Japan's business-to-business service prices continued to rise steadily but a key measure of trend inflation slowed in February, painting a mixed picture on the price outlook that may complicate the central bank's interest rate hike path.

The services producer price index, which measures what companies charge each other for services, rose 2.1% in February from a year earlier, data showed on Tuesday, unchanged from January in a sign companies continued to pass on labour costs thanks to prospects for sustained wage gains.

The data underscores the BOJ's view that rising service prices will replace cost-push inflation as a key driver of price gains, and help sustain inflation around its 2% target.

But separate data released on Tuesday showed Japan's weighted median inflation rate, which is closely watched as an indicator on whether price rises are broadening, slowed to 1.4% in February from 1.9% in the previous month.

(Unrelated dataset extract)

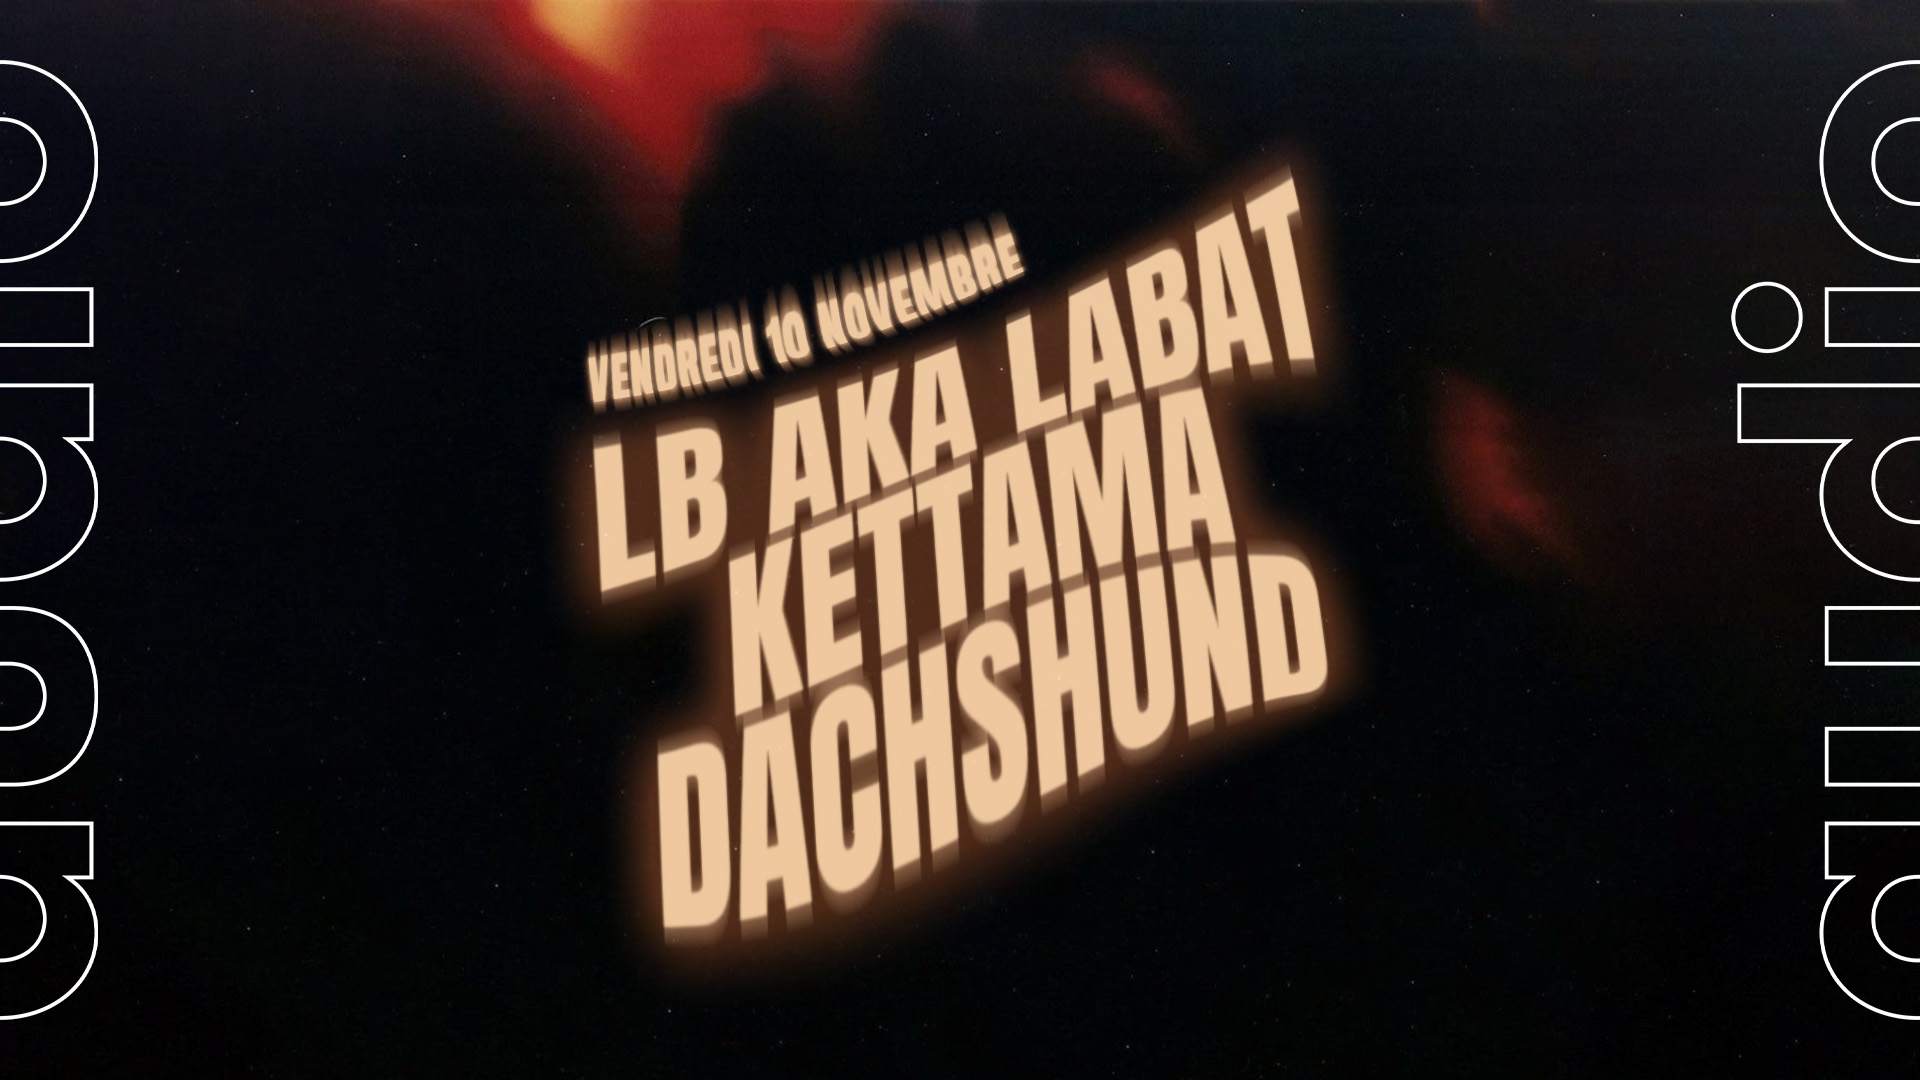 LB aka LABAT · KETTAMA · Dachshund - フライヤー表

The trimmed mean inflation rate, which excludes the 10 highest and lowest tail of the price distribution, hit 2.3% in February, slowing from 2.6% in January and marking the lowest year-on-year increase since September 2022, the data showed.

The Bank of Japan ended eight years of negative interest rates and other remnants of its unorthodox policy last week, making a historic shift away from decades of massive stimulus that was aimed at reviving the economy.

BOJ Governor Kazuo Ueda has said the timing of future interest rate hikes will depend largely on whether trend inflation will move closer to the bank's 2% target.